Now since we know how a sub problem's solution can be used to get the solution of a bigger problem, let us move on to the next step, the base case. What is the easiest sub problem (of the above bigger problem) that you know the answer to and can easily hard code it? We know that sum of first 1 natural number(s) is 1. So this becomes our base case, the terminating condition at which the function stops calling itself to solve smaller sub problems, because it knows the answer to the smallest sub problem and doesn't need to compute anything. This is the condition where recursion ends.

Although recursion is a language agnostic concept, we shall write the code in python for the sake of examples, as is it is one of the most human friendly languages, and very much like pseudo-code.

def sum_of_natural_nums(n):
    #Base Case
    if n==1:
        #we know the answer to the smallest sub problem, and if user enters n=1,
        #we return the answer right away, without performing other computations.
        return 1
    #The recursive call, to a smaller sub problem, instructing function to
    # get the solution for (n-1) numbers first, and then we add n to get 
    # the solution for n numbers.
    return sum_of_natural_nums(n-1) + n

It is important to note that in the last part of recursive call, we invoke the same function but a slightly different input that approaches the base case (n=1).

Common Pitfalls during recursion:

  1. No base case, wherein the function is not called but instead some O(1) operation or value is returned.
  2. Forgetting to return or returning the wrong thing in the base case.

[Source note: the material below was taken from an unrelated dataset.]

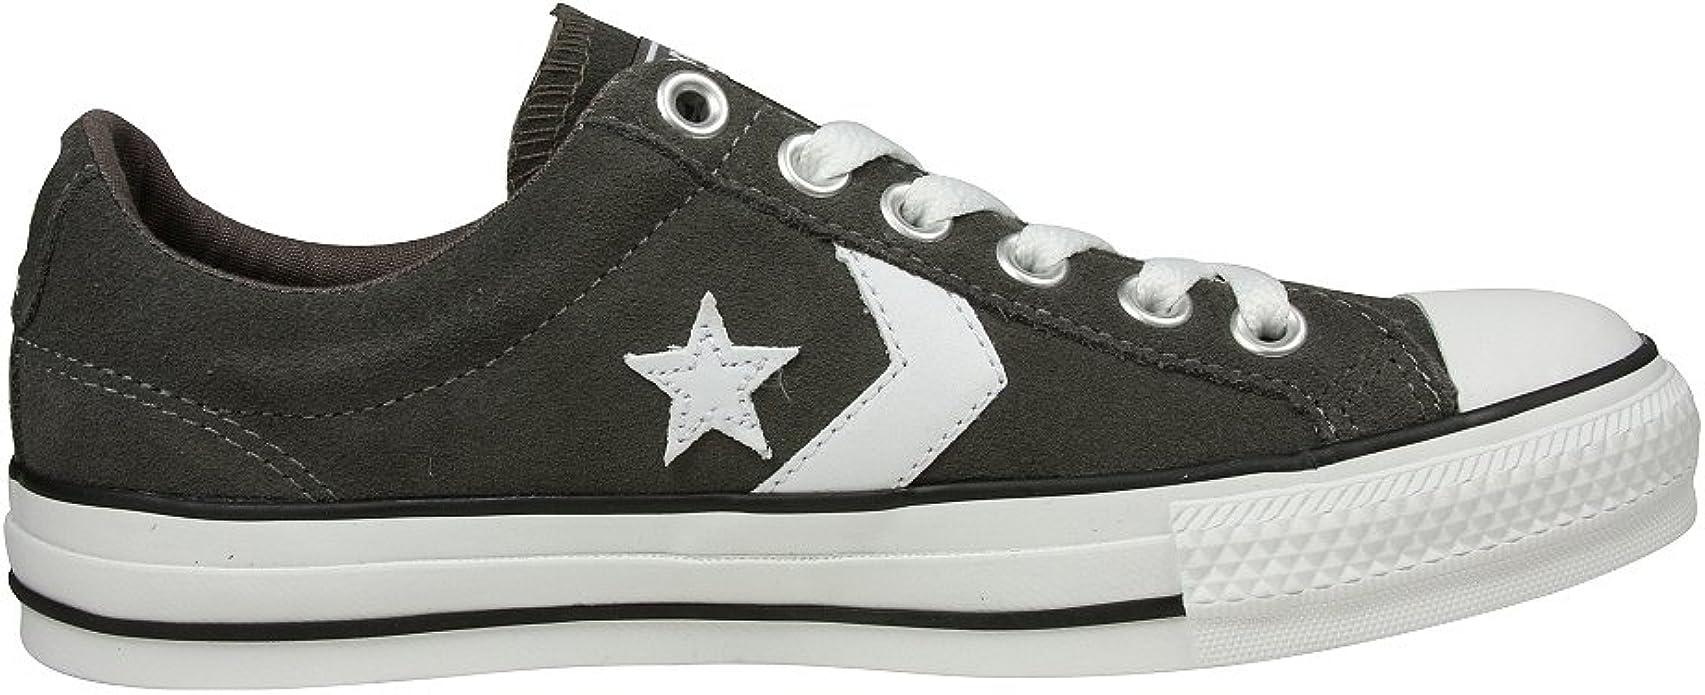 Converse Star Player EV Ox | Shoes

If no value is returned at the base case, then code doesn't end at the end of base case and reads the code after it eventually returning another function call.
  3. Stack Overflow : When recursion doesn't stop due to any of the above reasons, the call stack (we'll discuss in a later blog post, for now assume a tracker that stores answers of previous call while waiting for next calls to finish) starts filling with infinite function calls, and since memory size is limited, the stack overflows giving error.

Recursion is an exhaustive concept mastered through a lot of practice, but I still hope this post was able to throw some light on what recursion is and how it works at the root level. Almost all of recursion works on the basic principles of correct base case, recursive call with a different input (such that it moves towards the base case), and can help solve a lot of interesting problems which otherwise seem very difficult. Recursion eases a lot of Binary Tree problems because of the binary tree data structure is stored and imagined. All in all this is a concept that should be understood well and utilised.